Available data ::
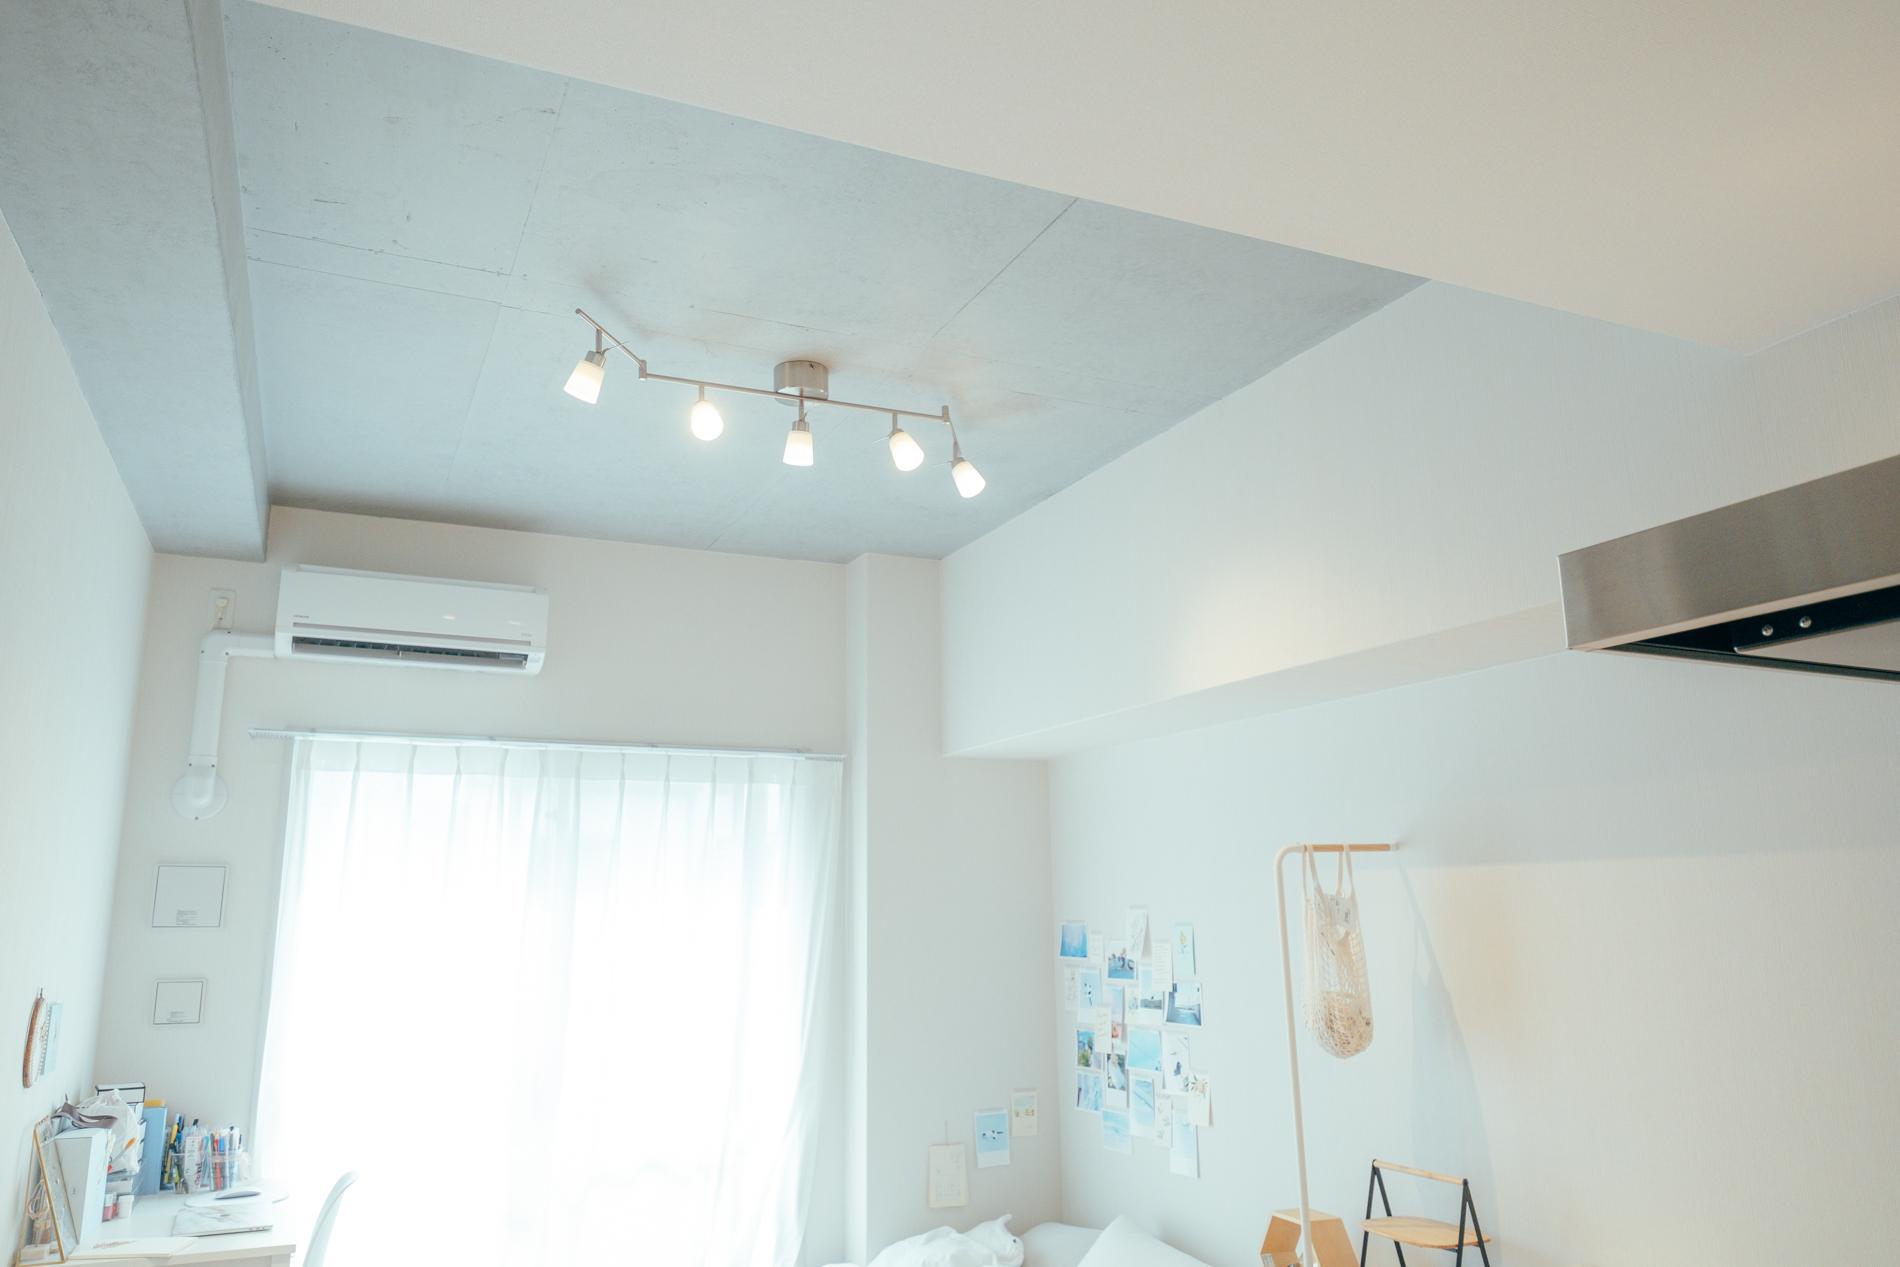 引掛けシーリングタイプのお部屋でも、こんな風にスポットライトが複数ついたものをつけることも可能です。
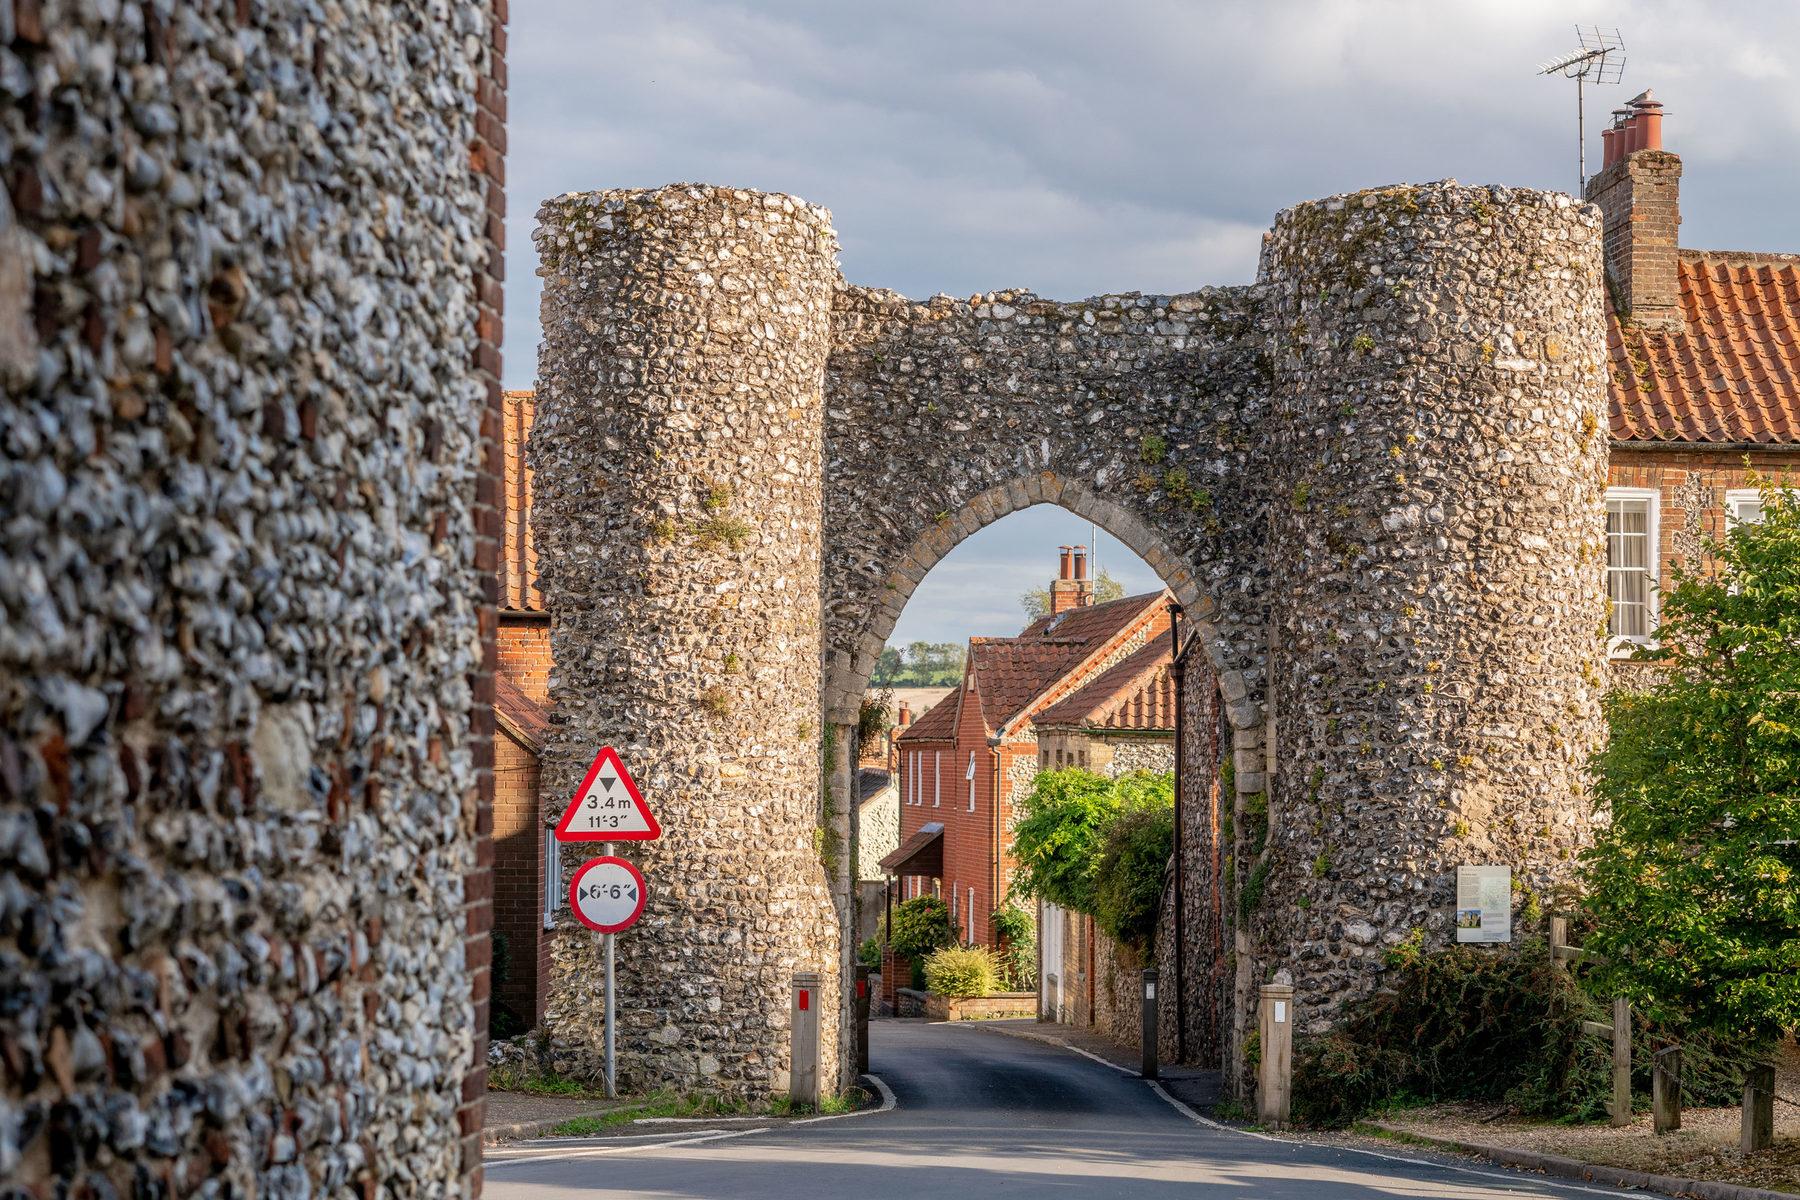 014 Castle Acre Village 2018
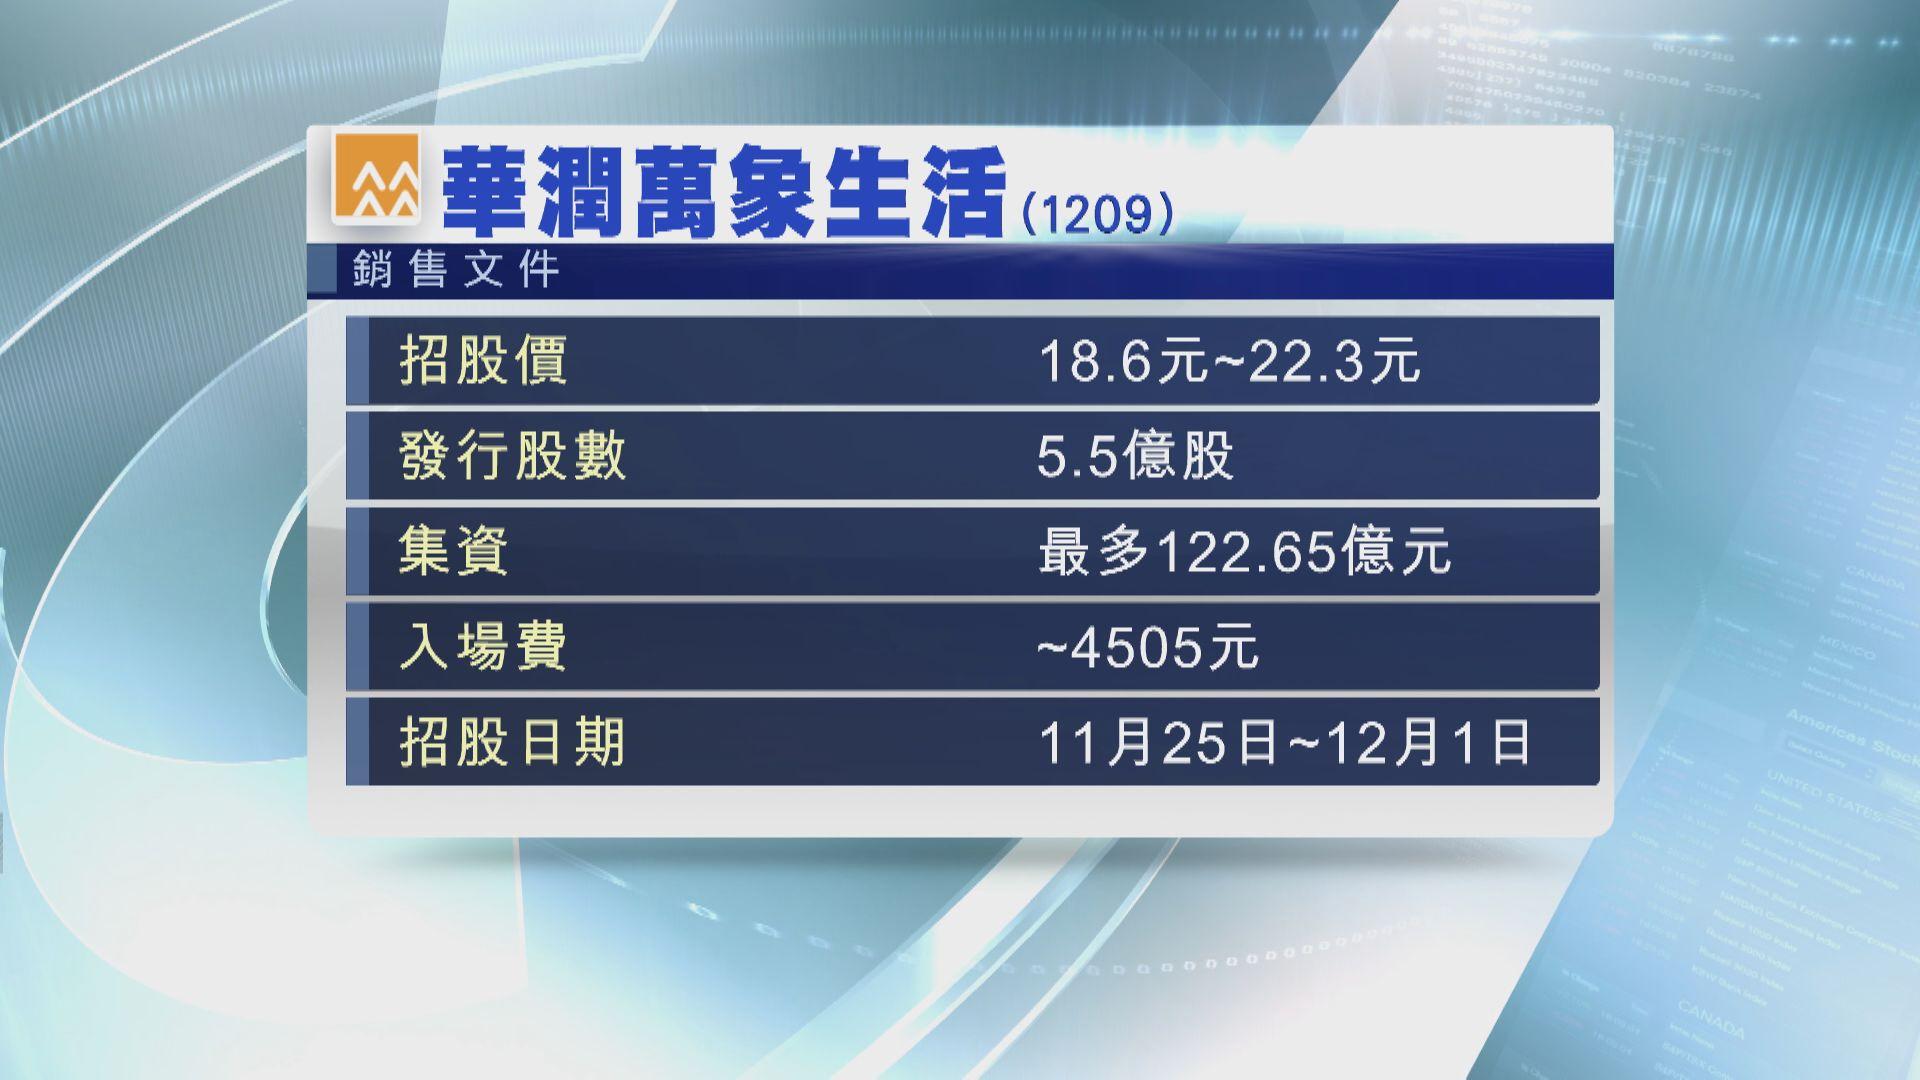 華潤萬象生活明招股 傳京東物流擬明年上市

Work task ::
A faithful, word-for-word copy of the data is needed; the pictures should not appear in it.

Solution for this exercise ::
 引掛けシーリングタイプのお部屋でも、こんな風にスポットライトが複数ついたものをつけることも可能です。
 014 Castle Acre Village 2018
 華潤萬象生活明招股 傳京東物流擬明年上市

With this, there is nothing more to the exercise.